Take the line with "Inni kokosnøtten skjuler" as the first and the last line of the data as the end. Write out both and every line between exactly, except pictures.

* SUPPLIED MATERIAL
※

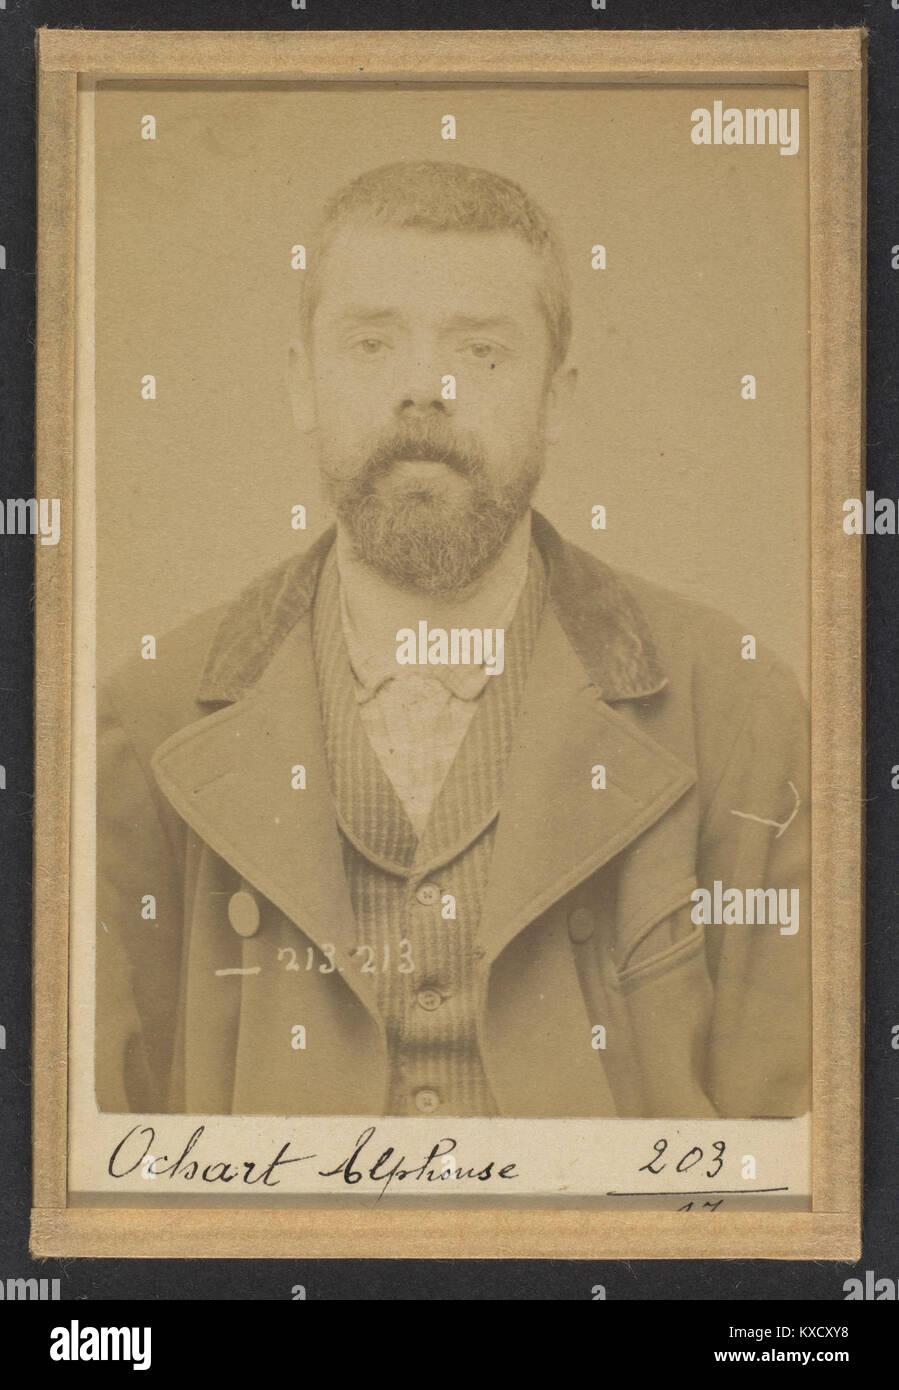 309. Ochart. Alphonse. 37 ans, né le 24-1-56 à Asbruch (Nord). Fabricant de chaussures. Anarchiste. 22 - Stock Image
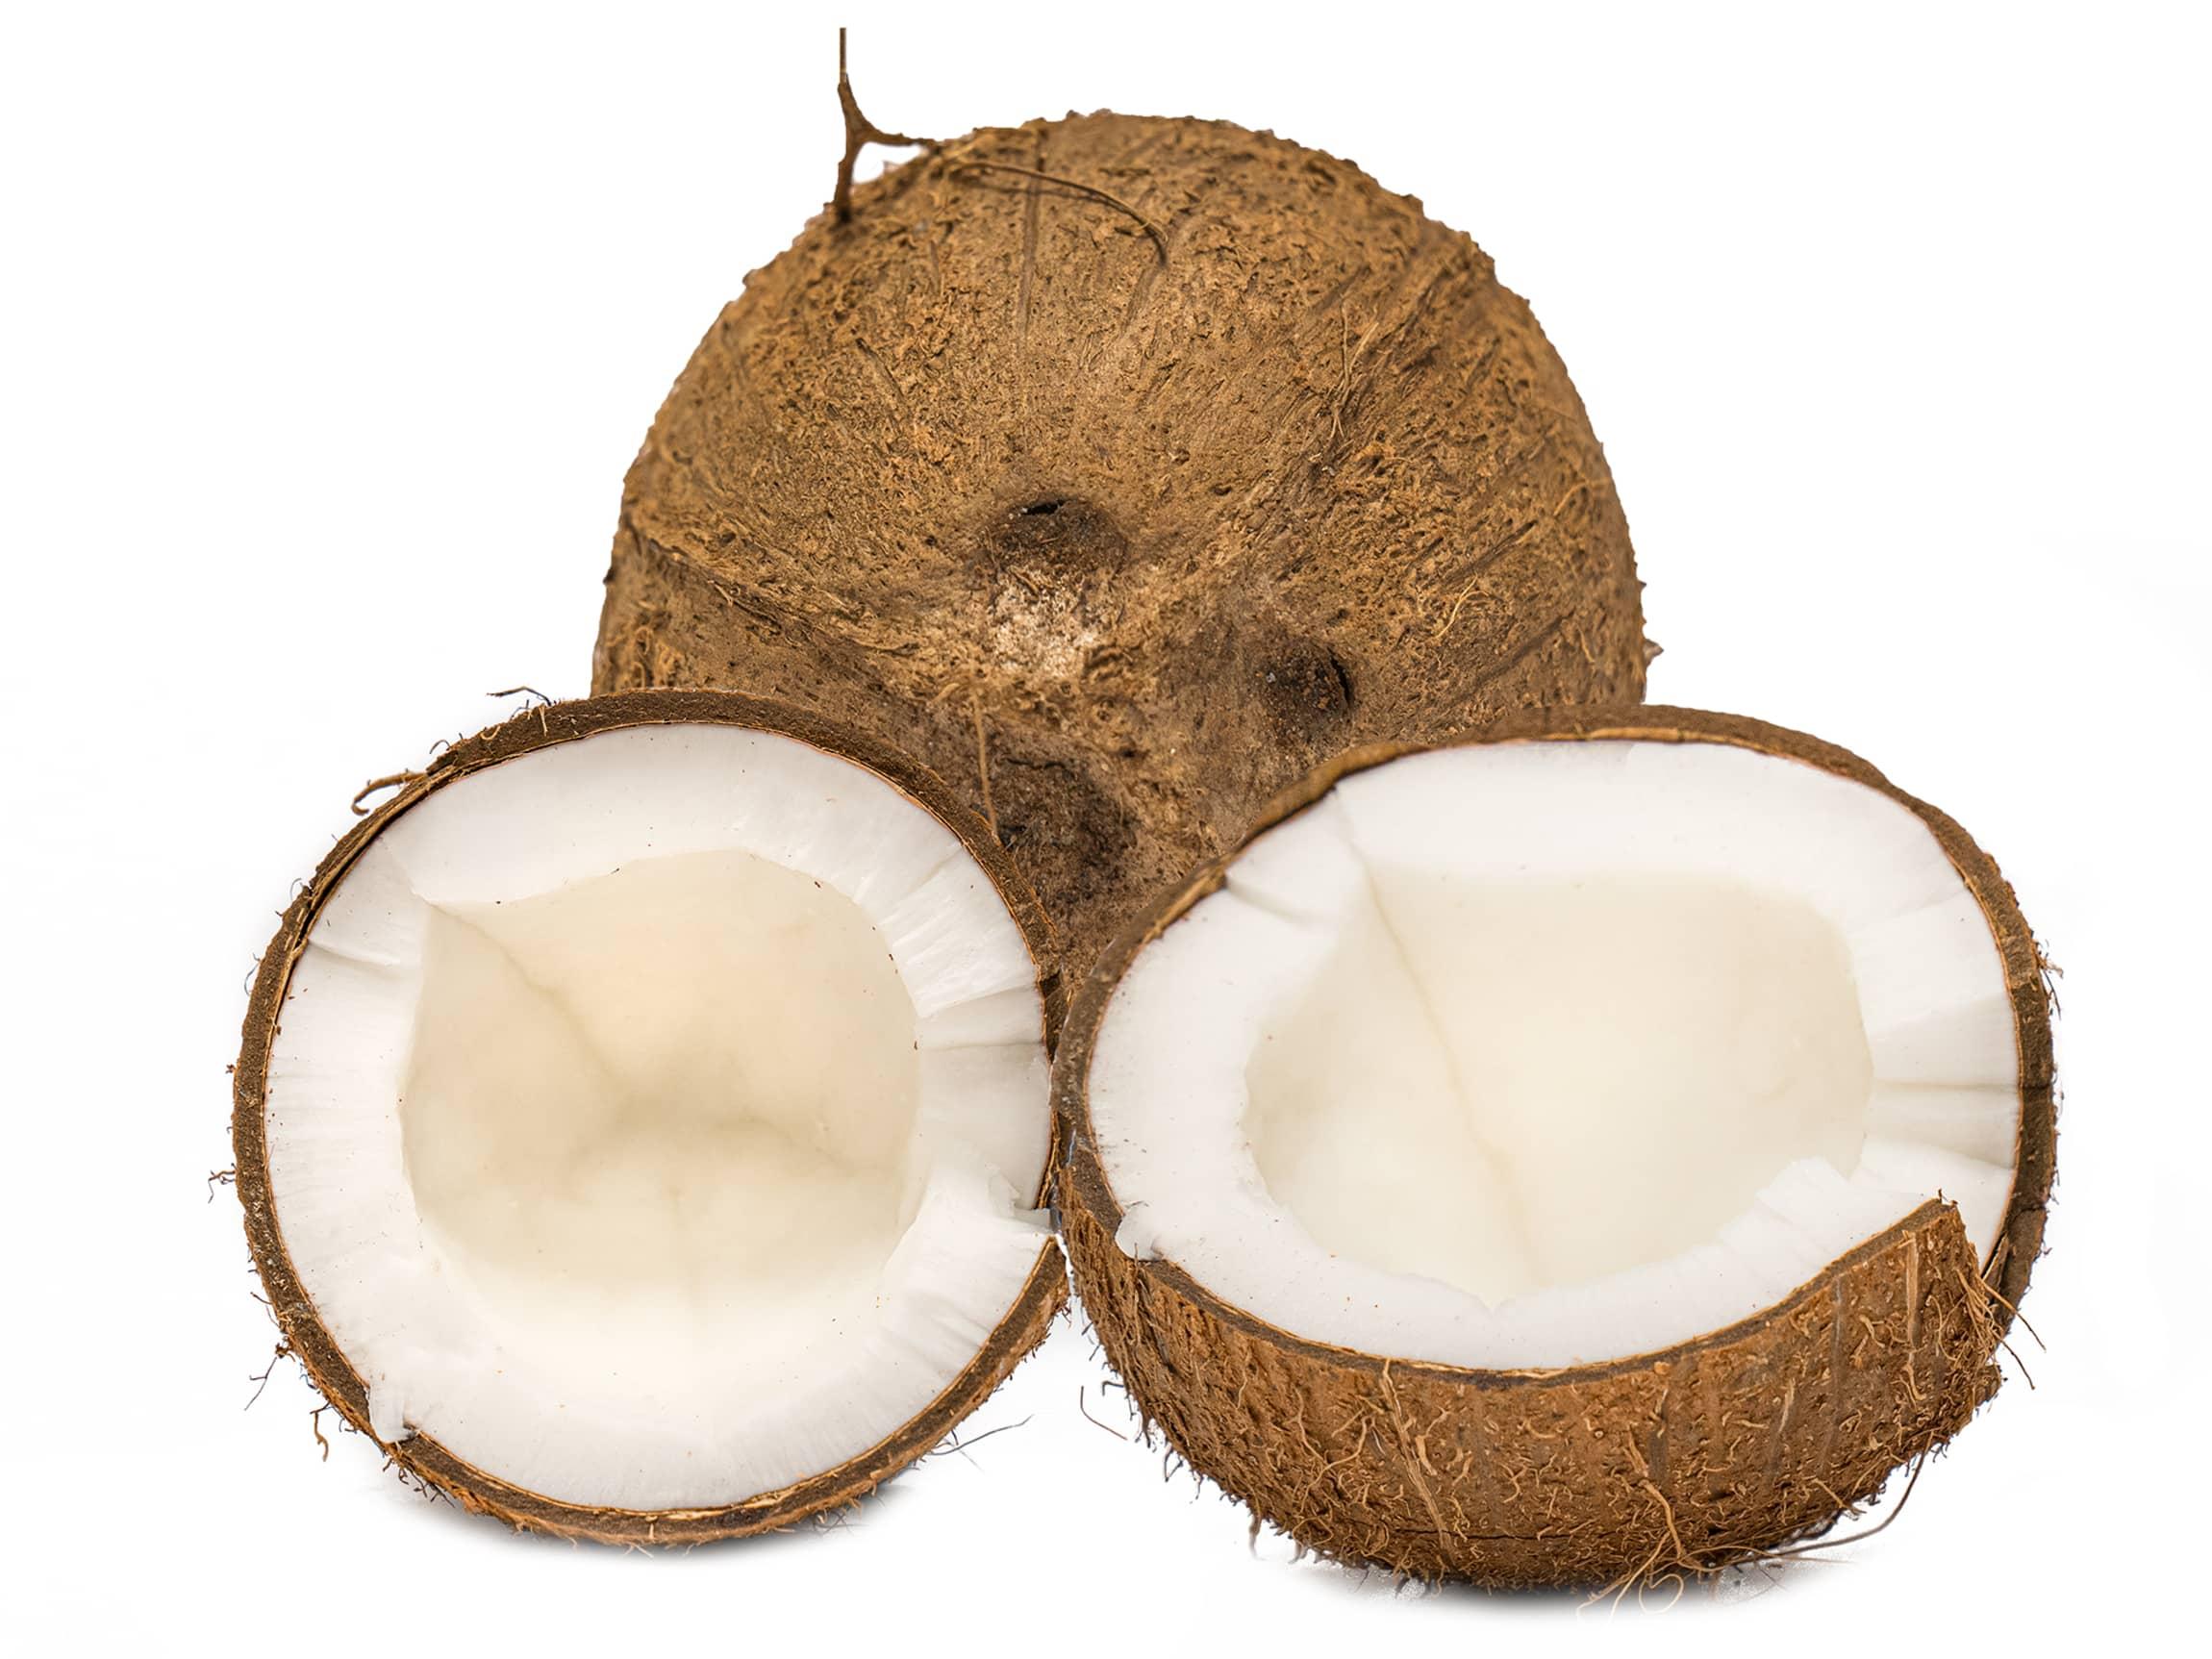 Inni kokosnøtten skjuler det seg fantastisk kokoskjøtt!
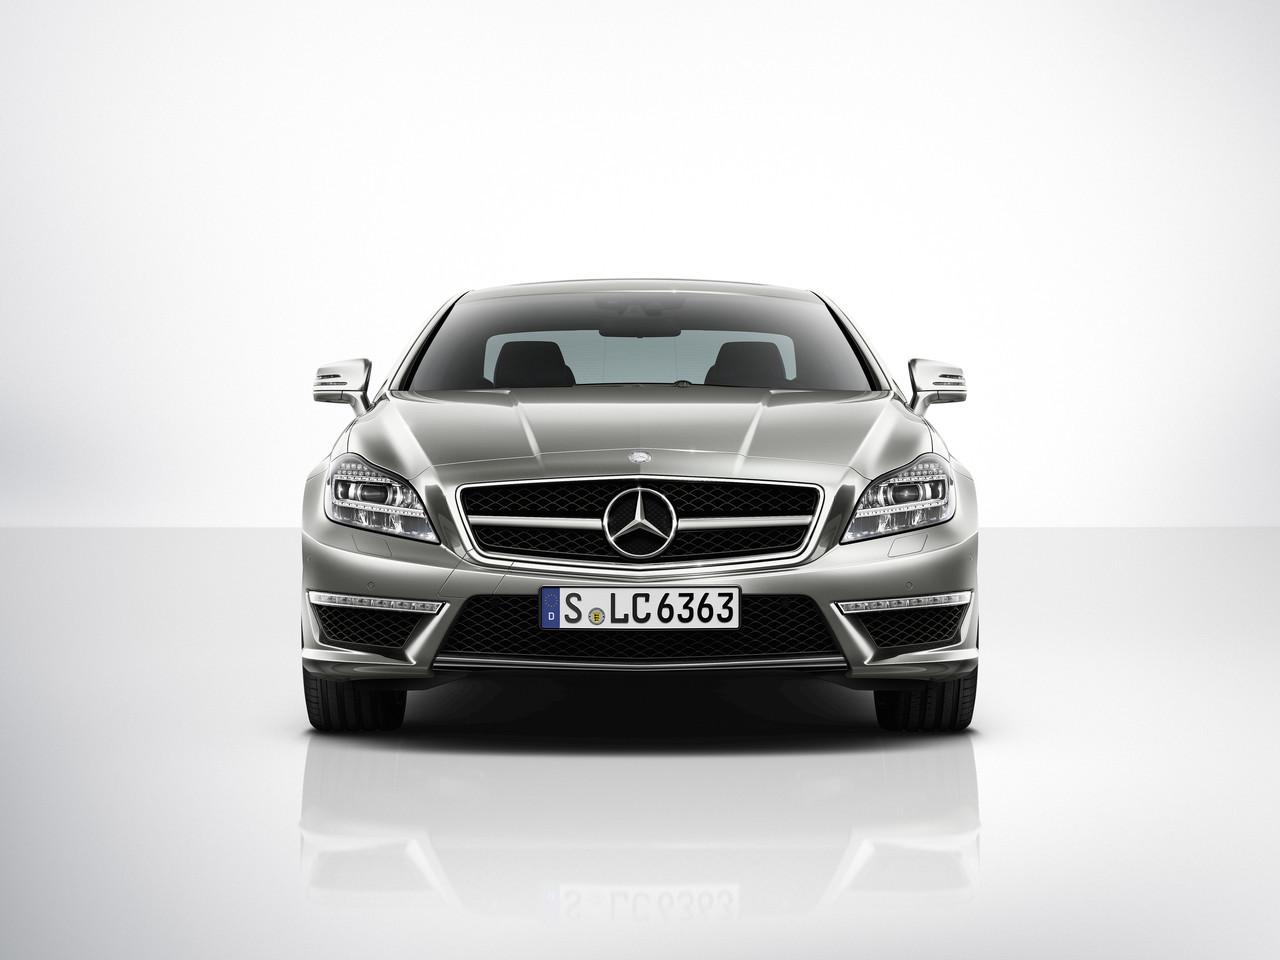 Foto de Mercedes CLS 63 AMG 2011 (1/30)

※

* RESULT FOR THIS EXERCISE
 Inni kokosnøtten skjuler det seg fantastisk kokoskjøtt!
 Foto de Mercedes CLS 63 AMG 2011 (1/30)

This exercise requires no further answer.